A post-office was opened in 1857. The Onyshkevych family supposedly had its origins in Uhniv, and many Onyshkevychs were born in this city. For instance, Rev. Stepan Onyshkevych, a Deputy in the Imperial Council of Austria, member of the Ukrainian National Democratic Alliance, and friend of Mykhailo Hrushevsky and Ivan Franko, was born here in 1861. Myroslav Onyshkevych, a colonel in the Ukrainian Insurgent Army and commandant of UPA forces in Military District-6 "San", was born here in 1911, and a dedication to him and his brother Taras Onyshkevych (also born in Uhniv, 1914) was created in 2000, on the house where both brothers were born. After World War II, along with the 1951 Polish–Soviet territorial exchange, the Soviet Union took control of the area.
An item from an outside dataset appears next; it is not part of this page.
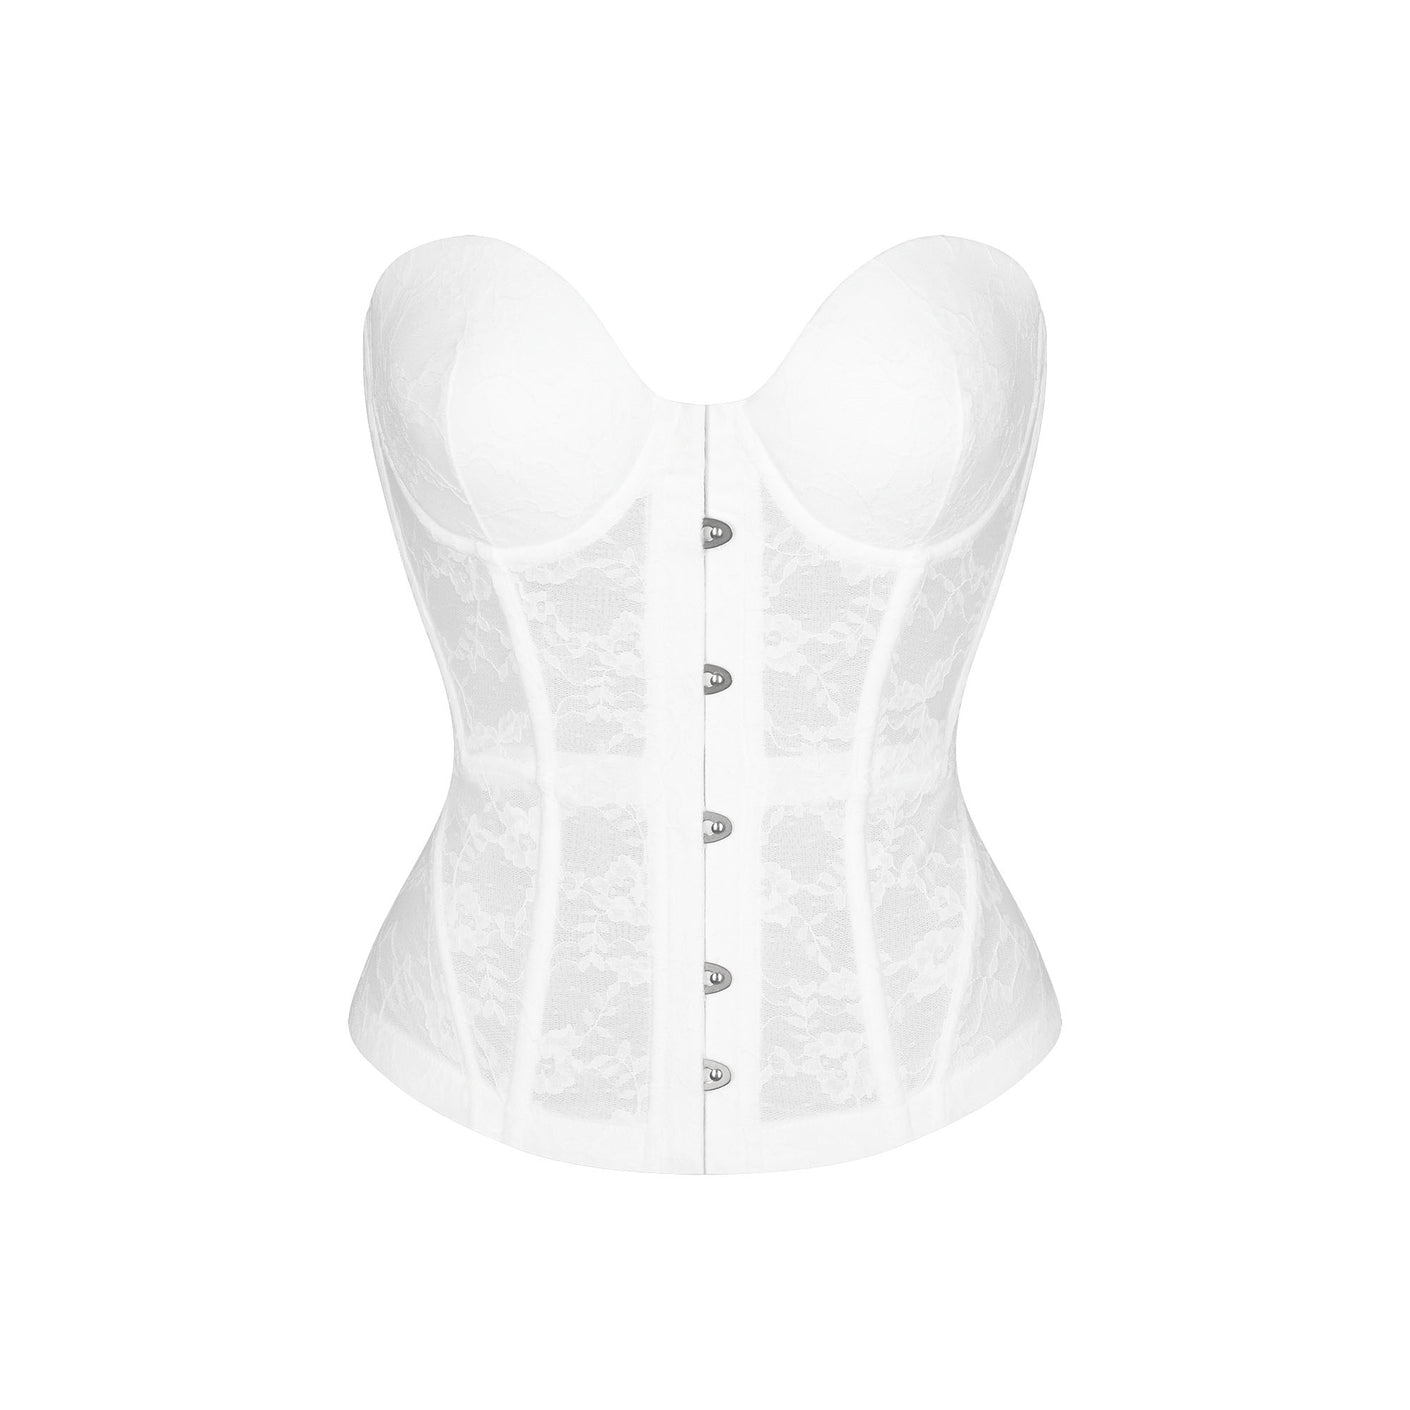 Lace corset

Until 18 July 2020, Uhniv belonged to Sokal Raion. The raion was abolished in July 2020 as part of the administrative reform of Ukraine, which reduced the number of raions of Lviv Oblast to seven. The area of Sokal Raion was merged into Chervonohrad Raion.

== Jews of Uhniv ==
The Jewish community of Uhnów (Uhniv) goes back very far. There is little historical evidence of this since. The place is too small to be mentioned in Jewish or other records. But thanks to famous rabbis who are mentioned in various sources because of their importance, it is clear that a Jewish community existed there for at least 350 years and even had a rabbinical court and Judge.

In 1629, there were 30 Jewish families, and in 1648–9, 100 families.

Rabbi Shmuel Feivish, son of Rabbi Nathan Feitel, wrote in 1658, in his description of the Khmelnytsky massacres called Tit ha-Yaven:

Plaque dedicated to murdered Jews of Uhniv at the Chamber of the Holocaust on Mount Zion, Jerusalem

"From there the enemy went to Magerov where there were about 100 families who escaped to Narol (mentioned before). From there the enemy went to Potelych - also about 100 families - who escaped to Narol. The enemy went to Rava-Ruska which had 100 families and they also ran away to Narol... In Narol there were 600 householders, not counting refugees; altogether more than 5000 families. As a result of our many sins, a terrible decree was issued and more than 10,000 people were killed, including woman and children. From there, the enemy advanced to Belz which had about 200 families. In addition, Belz had more than 10,000 families who escaped from other towns because Belz was a very strong city. But some died of hunger. From there the enemy went to Uhnów (Hivniv) which had 100 families - they all were killed by their enemies. From there the enemy went to Tishevitz which had 100 families and killed most of them. The enemy went to Sokal which had 100 families who had behind a very thick wall which was built like a fortress and so were saved".
The Jewish community was rebuilt by Jews from the surrounding area. After calm restored, they came out of hiding, built new homes, and lived there until the Holocaust. The Jews of Uhniv were murdered in a mass execution on the outskirts of the town on the fifth day of Hanukkah, December 28, 1943.